Little action expected at climate summit
WASHINGTON - New York City will be full of planet-saving pomp this week, but short on action to rescue the world.
WASHINGTON - New York City will be full of planet-saving pomp this week, but short on action to rescue the world.
More than 120 world leaders convene Tuesday for a U.N. summit aimed at galvanizing political will for a new global climate treaty by the end of 2015.
Environmentalists will take to the streets Sunday in what is being billed as the largest march ever on global warming. Celebrities, CEOs, and climatologists will appear at a string of events as part of New York's annual climate week. Titanic star Leonardo DiCaprio will talk about what causes rising seas.

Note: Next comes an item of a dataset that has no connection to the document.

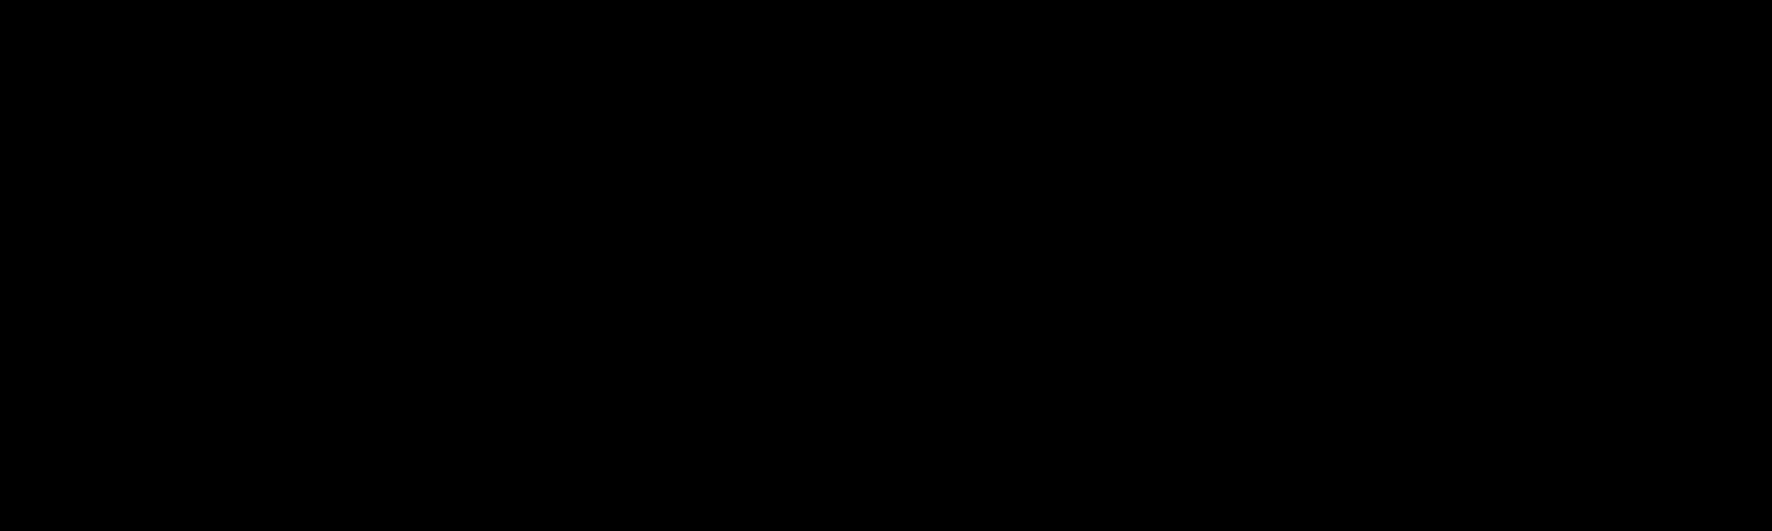 Paridaans bandendruksystemen
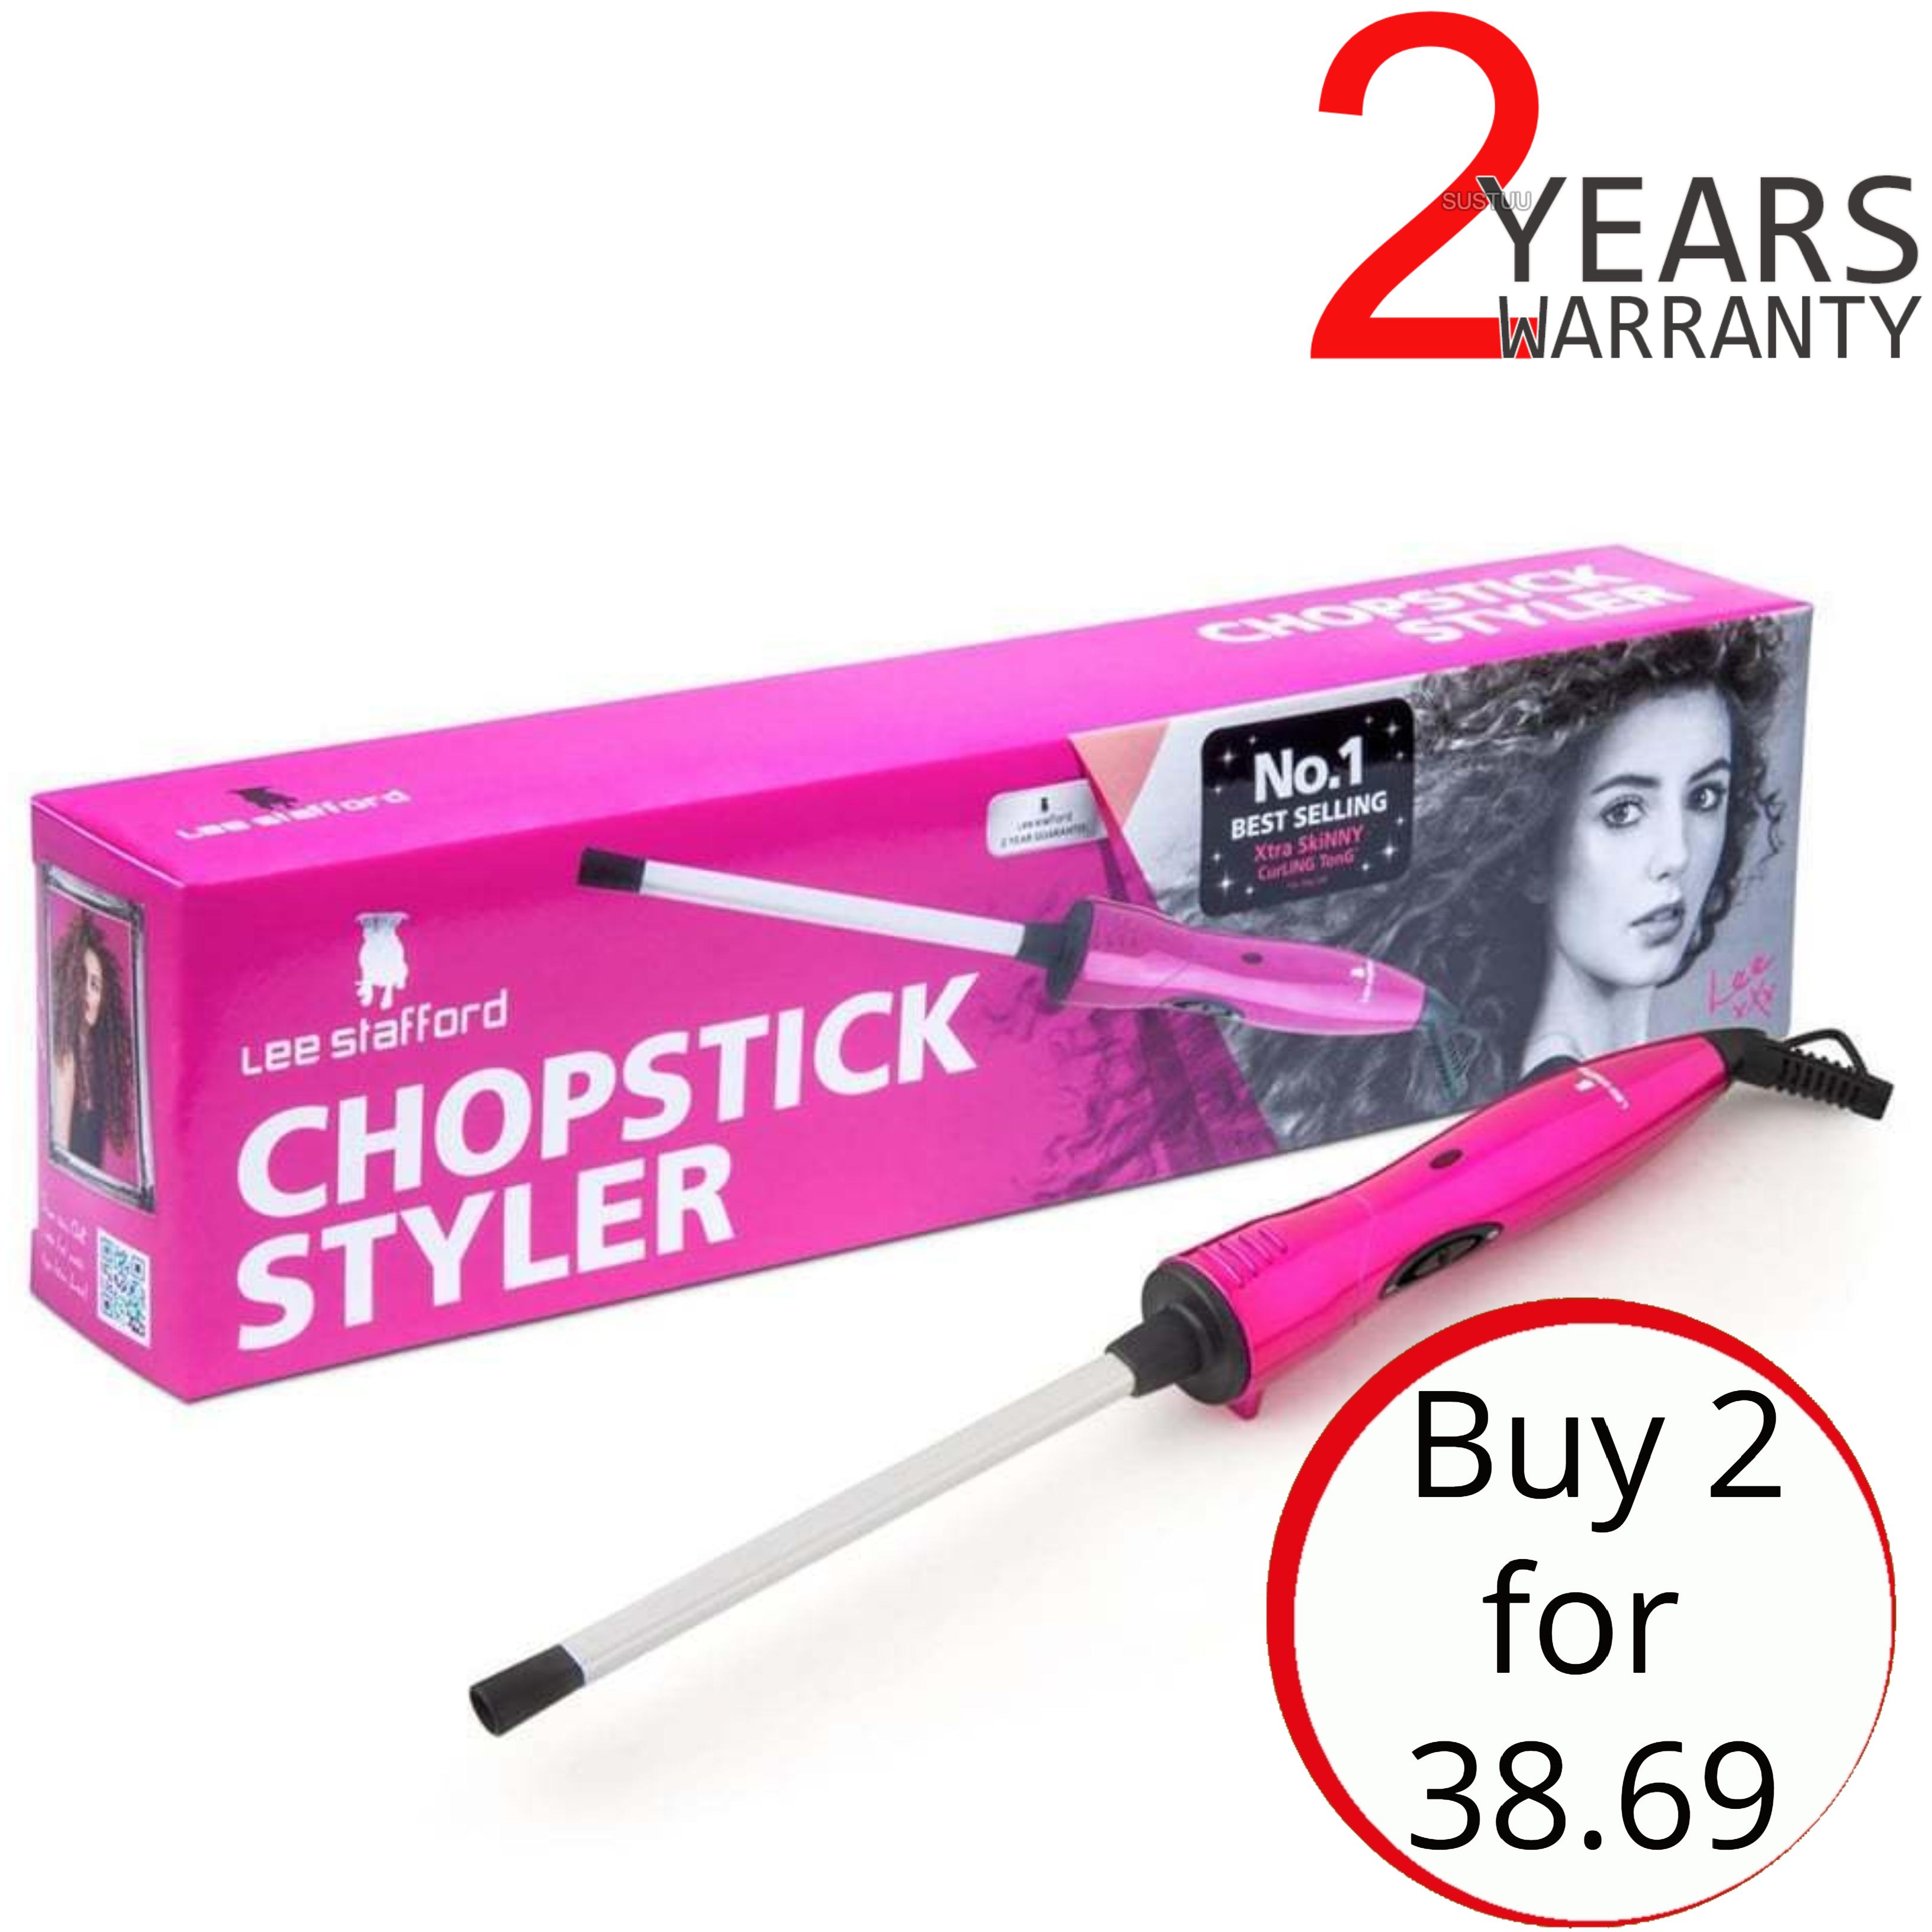 2 x Lee Stafford The Original Chopstick Styler | Ceramic Hair Curler Wand | 200°C | LSHT01

The hope is to recapture the momentum lost after the disappointing 2009 climate summit in Copenhagen, when world leaders left without a binding treaty.
The one-day U.N. summit, while not part of the formal negotiation process, is the pinnacle of the seven-year-old tenure of Secretary-General Ban Ki-moon, who has made fighting climate change his rallying cry and traveled the globe to invite world leaders to the gathering. Saying he was "humbled by the overwhelming response," Ban urged leaders to come with bold ideas.
Yet whatever happens at the summit is unlikely to approach a goal set in Copenhagen: Preventing Earth's temperature from rising more than 2 degrees Fahrenheit from where it is now.
"Our expectation is this is a political event," said Zou Ji, deputy director of China's National Center for Climate Change Strategy.
Rather than firm commitments from closed-door negotiations, the summit is expected to jumpstart a series of much publicized initiatives and partnerships.